Accord UE-Mercosur : pourquoi le traité peut être conclu contre l'avis de la France

Accord UE-Mercosur : pourquoi le traité peut être conclu contre l'avis de la France L'Union européenne pourrait être sur le point de finaliser un accord commercial avec le Mercosur, qui regroupe plusieurs pays d'Amérique du Sud. La France s'oppose à ce traité en l'état, mais pourrait se voir forcer la main.

Lundi 18 novembre démarre au Brésil le sommet du G20. Il pourrait être le lieu de la finalisation d'un nouvel accord entre l'Union européenne et le Mercosur, qui réunit le Brésil, l'Argentine, l'Uruguay, le Paraguay et la Bolivie. Ce dernier est en discussion depuis une vingtaine d'années, mais sa signature semble désormais imminente. "Nous avons deux dates clés : le sommet du G20 en novembre à Rio de Janeiro, et le sommet du Mercosur en décembre de cette année. Nous allons donc travailler à la réalisation de ce grand projet", a souligné le chef du gouvernement espagnol Pedro Sanchez lors du forum économique à Faro, au Portugal, fin octobre.

Ce traité prévoit notamment la suppression de la majorité des droits de douane entre l'UE et le Mercosur, ainsi qu'un quota d'importations pour la viande bovine latino-américaine d'environ 90 000 à 100 000 tonnes par an. La volonté de mettre en place un tel accord est favorisée par le contexte actuel de tensions commerciales avec la Chine et par la crainte du protectionnisme promis par Donald Trump.

Pourtant, en France, ce possible accord n'est pas bien reçu. Il est d'ailleurs l'une des raisons pour lesquelles les agriculteurs veulent se mobiliser la semaine prochaine. Les exploitants agricoles craignent notamment une concurrence déloyale, au vu de la différence de normes entre les pays du Mercosur et ceux de l'Union européenne. Même son de cloche côté politique, la France s'oppose à ce traité "en l'état", comme l'a rappelé Emmanuel Macron fin octobre. Michel Barnier s'est d'ailleurs rendu à Bruxelles mercredi 13 novembre pour défendre la position du gouvernement français.

Plus de 600 parlementaires ont aussi signé une tribune pour s'opposer au traité rappelant que la France n'approuvera ce texte que s'il garantit de "ne pas augmenter la déforestation importée dans l'Union européenne", si l'accord est "en conformité avec l'accord de Paris sur le climat" et s'il instaure "des mesures miroirs en matière sanitaire et environnementale". La ministre de l'Agriculture, Annie Genevard, a, pour sa part, assuré que la France veut faire entendre sa voix : "Tout le travail consiste à rallier à notre cause un maximum de pays, de façon à pouvoir imposer un veto à cet accord", a-t-elle déclaré mardi 12 novembre lors de la séance de questions au gouvernement à l'Assemblée nationale.

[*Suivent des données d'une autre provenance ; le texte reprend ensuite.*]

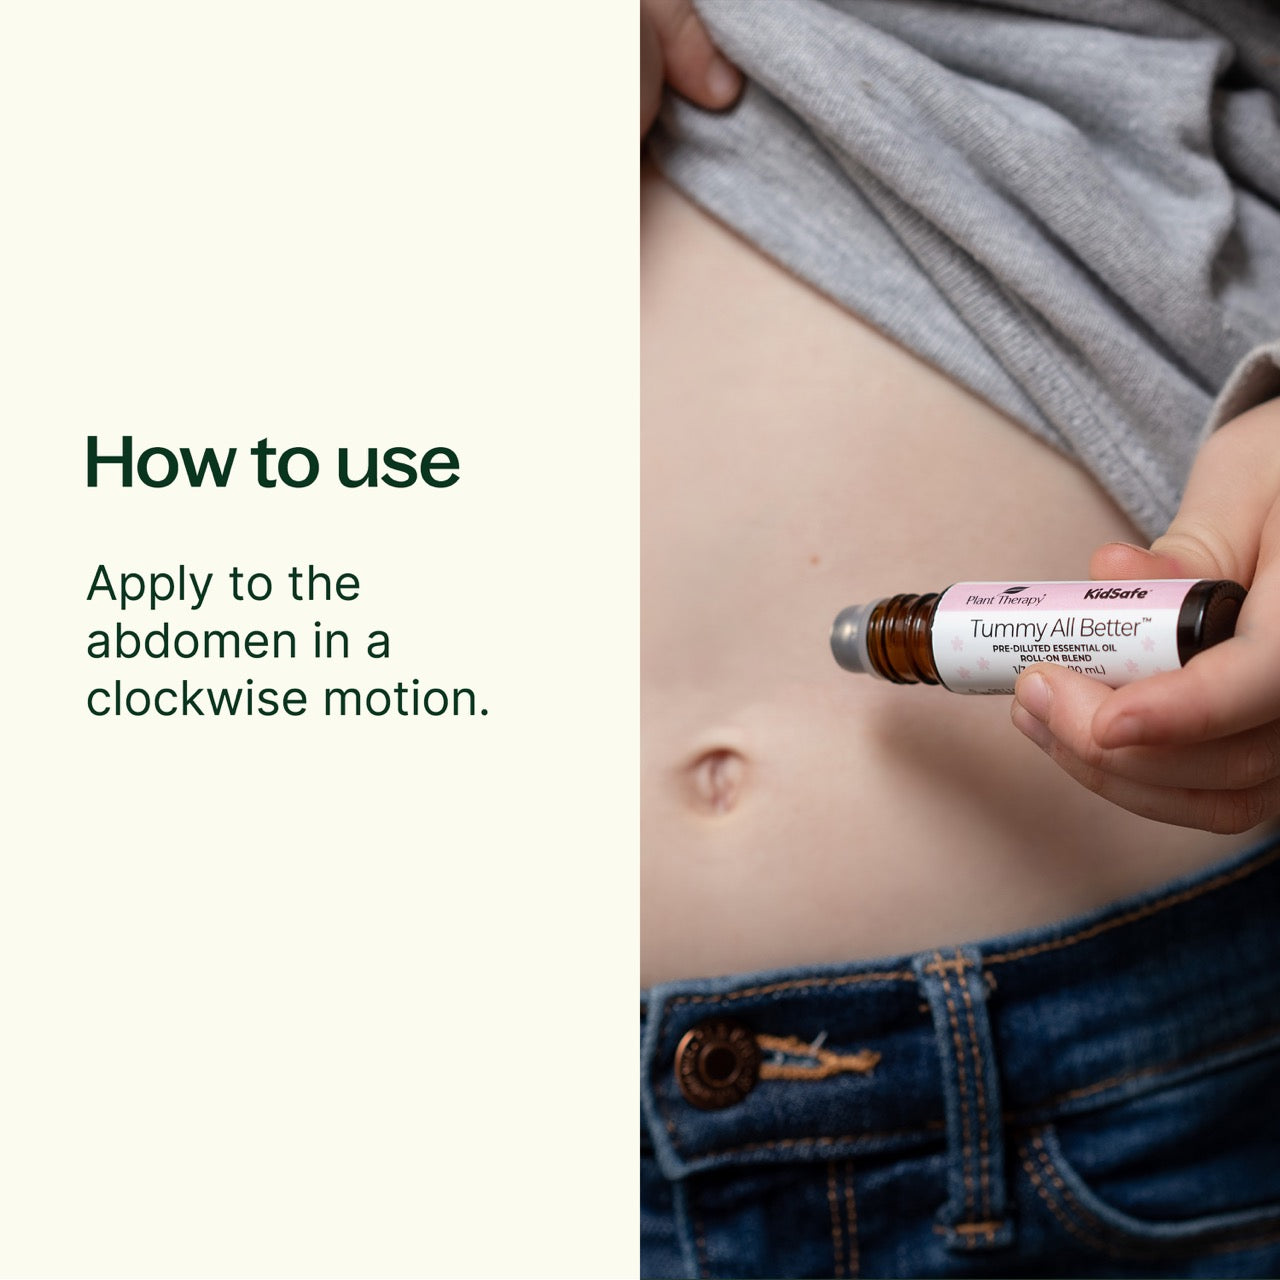 How to use Tummy All Better KidSafe Essential Oil Pre-Diluted Roll-On: Apply to the abdomen in a clockwise motion.

Un combat difficile pour la France, seule contre tous ?

Malgré l'opposition de la France, il apparait compliqué d'empêcher ou de faire modifier le traité en l'état. La ratification de ce traité commercial va d'abord se jouer à la majorité au Conseil européen. Si la Pologne et l'Autriche se sont également placées en défaveur de cet accord, il faudrait au moins quatre Etats représentant plus de 35% de la population de l'UE pour constituer une minorité de blocage. Or, des poids lourds, comme l'Allemagne et l'Espagne qui représentent déjà près de 30% de la population de l'UE, soutiennent la signature du traité. L'exécutif de l'UE voit aussi de nombreux avantages dans cet accord : le commissaire au Commerce et négociateur en chef européen, Valdis Dombrovskis, a assuré que cela engendrerait une augmentation de "15 milliards d'euros" du produit intérieur brut (PIB) de l'UE.

Ce sont finalement des pays comme l'Irlande, les Pays-Bas ou l'Italie qui pourraient faire pencher la balance d'un côté ou de l'autre. Si le Conseil européen valide le texte, il sera ensuite soumis au Parlement européen, qui devra le voter à la majorité pour qu'il soit mis en place. Mais il faudra encore une ratification des parlements nationaux. A cette échelle, la France aurait la possibilité de se faire entendre, mais il est probable que la Commission européenne sépare le volet commercial du volet politique de l'accord. Ainsi, la partie commerciale échapperait à cette ratification unanime et un vote majoritaire deviendrait suffisant.